Quatre murs de brique, un trou pour déféquer et des colonies de fourmis. Incarcéré à l’isolement à la prison d’Insein, le journaliste japonais Yuki Kitazumi dormait sur une planche couverte de plastique, dans une cellule de 10 mètres carrés datant de la période coloniale. «La brique était si épaisse qu’on hurlait pour se parler», se souvient le reporter de 45 ans, arrêté le 18 avril pour avoir enfreint l’article 505 (a) du code pénal birman, qui sanctionne de plusieurs années de prison, sous des contours très flous, la propagation de fausses nouvelles et les incitations à la désobéissance civile. Un mois plus tard, il était expulsé vers le Japon, d’où il témoigne aujourd’hui pour Libération. Pour tuer l’ennui, le journaliste grattait ses souvenirs sur des bouts de papier, avec une plume d’oiseau et du café instantané. Une cloche sonnait toutes les quinze minutes, pour que les détenus gardent la notion du temps. Derrière sa cellule, des cris stridents collaient le frisson. Le quartier des mères. «J’entendais les enfants, les bébés nés en détention.»
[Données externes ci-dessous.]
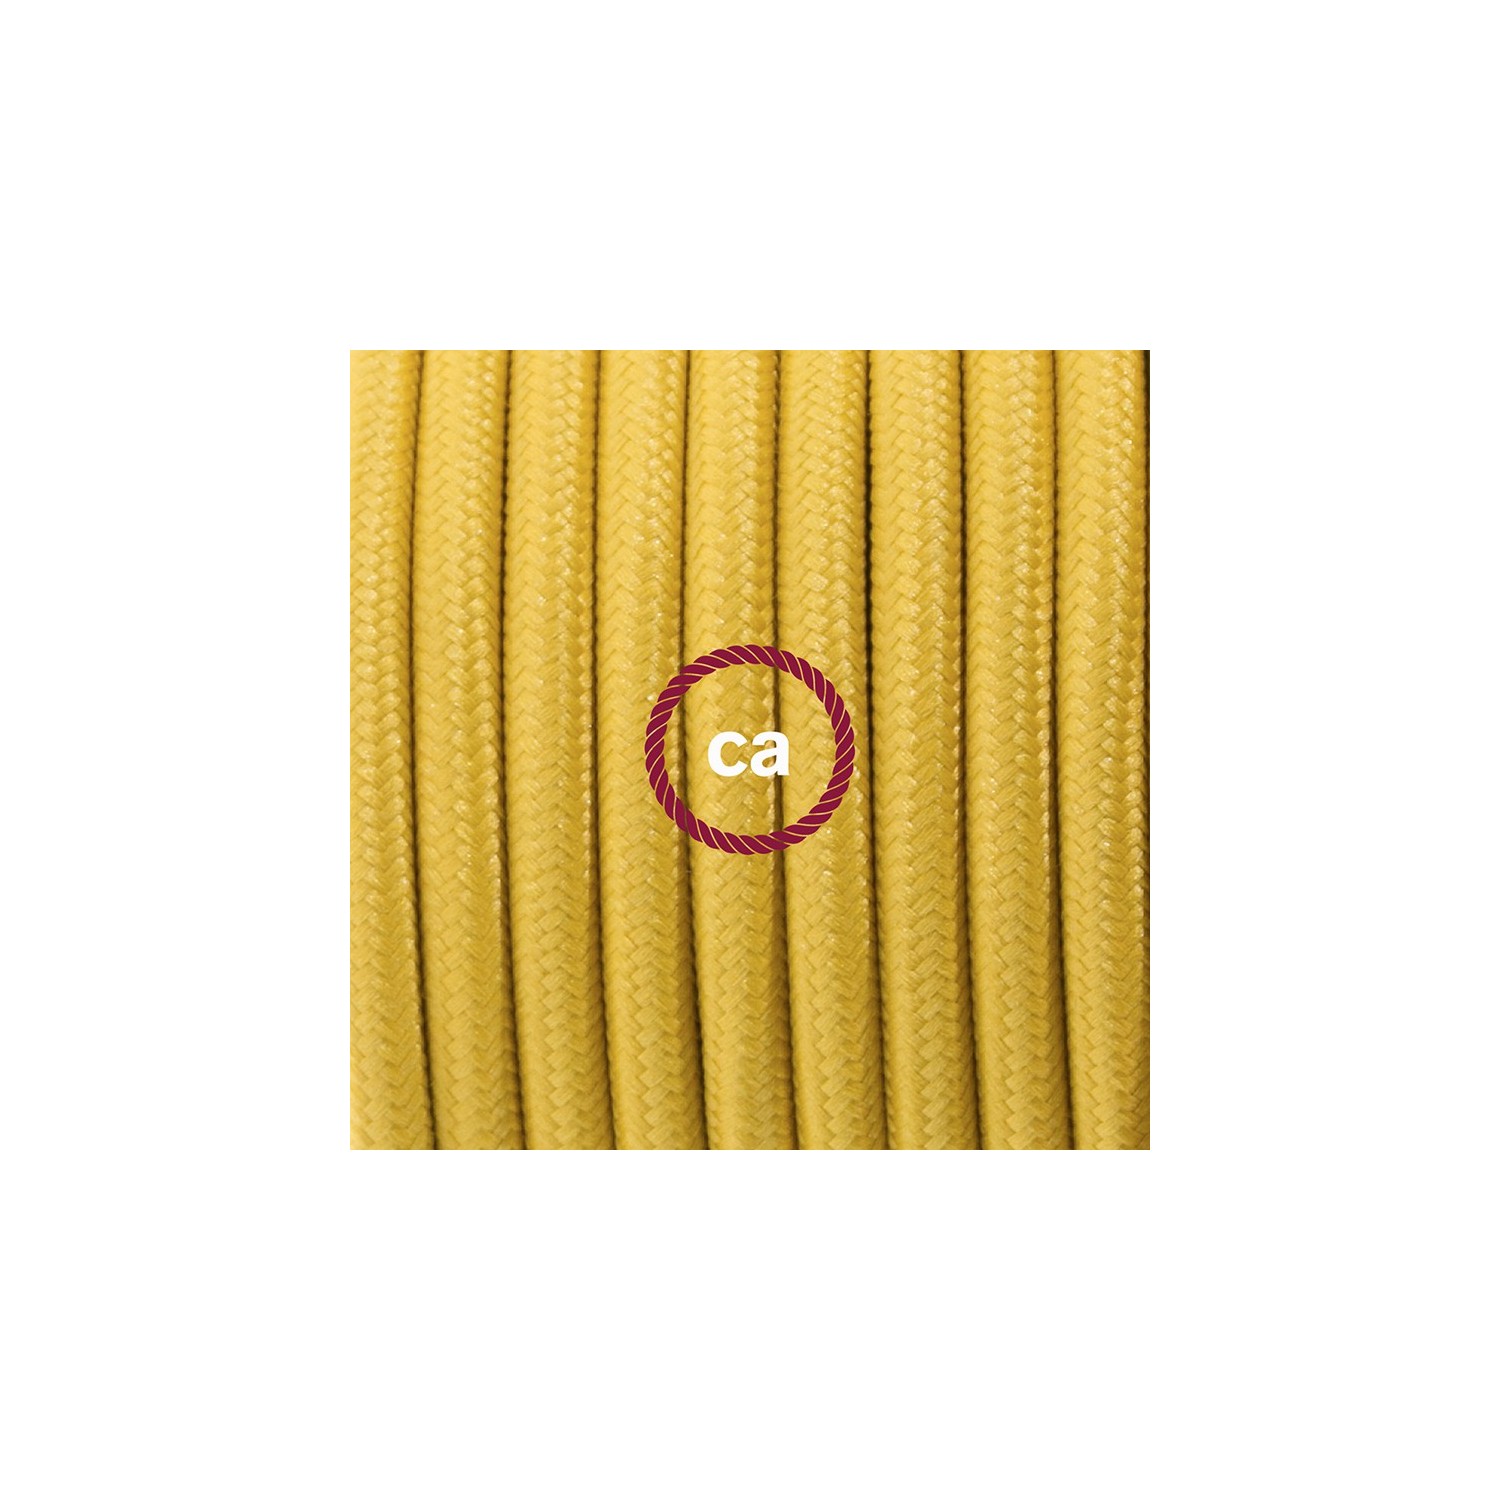 Ronde flexibele textielkabel van viscose met schakelaar en stekker. RM25 - mosterd geel 1,80 m.

Construite par les Britanniques en 1887, quand la Birmanie faisait encore partie de l’Empire des Indes, la prison surpeuplée – 12 000 détenus pour 5 000 places – est au bord de l’implosion. Vue du ciel, on dirait une horloge, sauf que des hommes s’agitent dans ses aiguilles. Son architecture panoptique, inspirée des travaux du philosophe Jeremy Bentham, déshumanise et facilite la surveillance. Après l’indépendance, les juntes successives ont utilisé la geôle pour briser les dissidents, et la torture y était couramment pratiquée, forgeant une réputation infernale.

Au nord-ouest de Rangoun, la prison d’Insein renferme une large partie des 7 000 opposants toujours détenus par la junte militaire depuis le coup d’Etat, selon l’Association pour l’assistance aux prisonniers politiques (AAPP). Politiciens, reporters, activistes, médecins, chanteurs, manifestants… «Les militaires sont persuadés qu’en mettant des milliers de personnes en prison, la “révolution de printemps” s’effondrera d’elle-même», analyse Bo Kyi, cofondateur de l’AAPP, incarcéré à Insein dans les années 90. Tout comme le célèbre dissident Win Tinque Libération avait rencontré en 2008, six ans avant sa mort. Vendredi, c’est un journaliste américain, Danny Fenster, qui a été condamné à onze ans de prison alors qu’il végétait déjà depuis six mois à Insein.